The Latino lens.
One way to develop that is through outreach. “If you’re not even reaching out to where many of them live and work, you’re not going to get them,” Santiago said. Spanish-language radio is a must for such marketing, she noted. To establish student-recruiting pipelines, consider making connections with trusted organizations in the community, like churches. The advice resonated for me because it echoed a lot of what I heard in developing my report on the adult student and a follow-up guide on how to start recruiting and serving that demographic. I wasn’t thinking that much about ethnicity then. Historically, the adult-learning council hasn’t had that focus either. But Santiago said this project will help shift that: “We bring the Latino lens.”
She also reminded me of the power of perceptions — and misperceptions. Many college faculty members and administrators may still believe that the majority of Latino adults are immigrants or undocumented, Santiago said. “There is still a lot of ignorance about what the population is, or isn’t.”
The self-evaluation that the 15 colleges will undergo as part of the project, using the council’s Adult Learner 360 tool, could help highlight spots where institutions might need to educate their personnel. Santiago said she hopes it also helps colleges correct the misperceptions of prospective students, like the notion “that there isn’t financial aid for adults.” (In reality, it is sometimes harder for adults to qualify, but that doesn’t mean it’s not available.)
Most colleges have let their Hispanic focus remain on younger students. “Because of where we are economically,” Santiago said, the adult Hispanic demographic “doesn’t seem like the easiest and quickest population to get.” This project, she hopes, will change that dynamic.
Clearly there’s at least some interest.

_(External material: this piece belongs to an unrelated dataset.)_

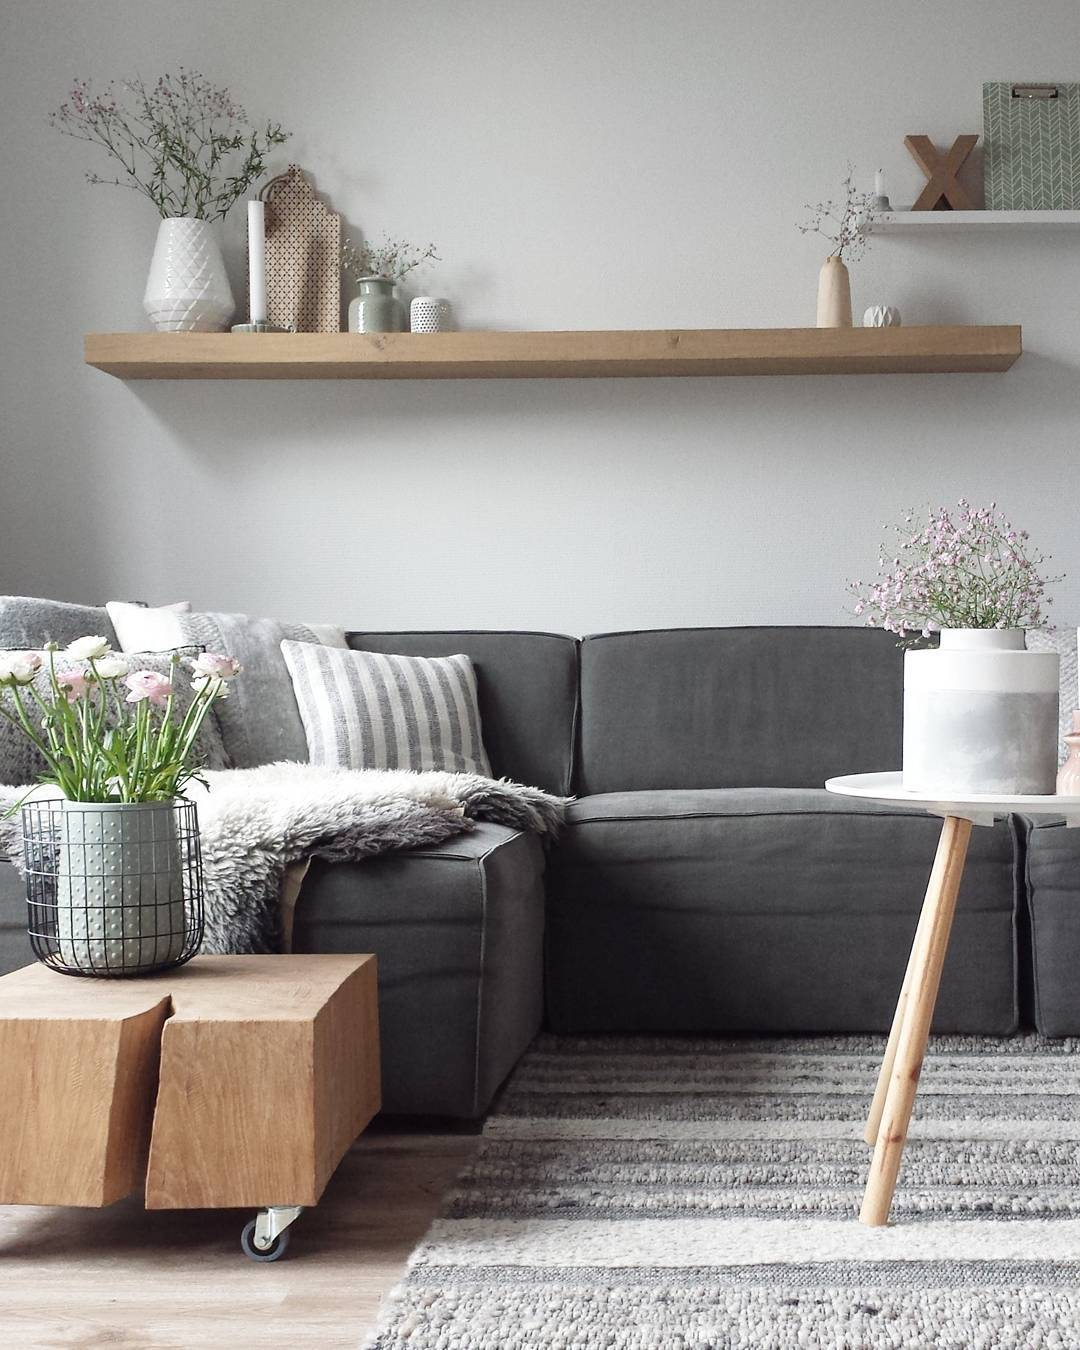 Цветя и керамична ваза може да бъде красива декорация за вашия дом. Цветя подобрява вашата енергия и енергията на вашето пространство. Изкуствени цветя излъчват отрицателна енергия, така че можете да се опитате да го избегне.

While the project was designed for just 15 institutions, nearly three times that many applied to be part of it.
A prize for Anant Agarwal and a $3.7-million gift to edX
Last week Anant Agarwal, the chief executive of the nonprofit MOOC venture edX, was awarded the Yidan Prize for Education Development for making education more accessible to people around the world. (A Northwestern University professor of statistics, Larry Hedges, won the prize for education research.)
When I interviewed Agarwal here at the Chronicle offices in 2017, he spoke passionately about education as a human right and his hopes that the edX platform would remain a tool for expanding educational access around the world, even as it began to shift its focus to more prosaic matters like developing a sustainable business model. At the time, he also predicted that the venture, created in 2012, could become self-sustaining within three years.
The Yidan Prize, created in 2016, carries a lucrative purse: the equivalent of $3.7 million this year. Officials at edX told me on Monday that Agarwal plans to commit the entire amount to edX “to help fuel ongoing innovation in digital education at scale.” What that means specifically, who knows. But I can only imagine it’s a welcome influx of cash as edX closes in on 2020.
Quote of the week:
“I would happily give that up. There are plenty of other things I’d rather be doing.”
— From an interview my colleague Nell Gluckman conducted with Maryland’s attorney general, Brian Frosh, on the attention he and fellow state attorneys general received for suing the U.S. Department of Education for what he called its “flat-out refusal” to enforce federal regulations designed to protect students from abusive practices by colleges. Last week a federal judge ruled that the department violated the law by delaying a regulation designed to protect student borrowers from having to repay their federal loans if they were defrauded by their colleges. The judge has yet to determine a remedy.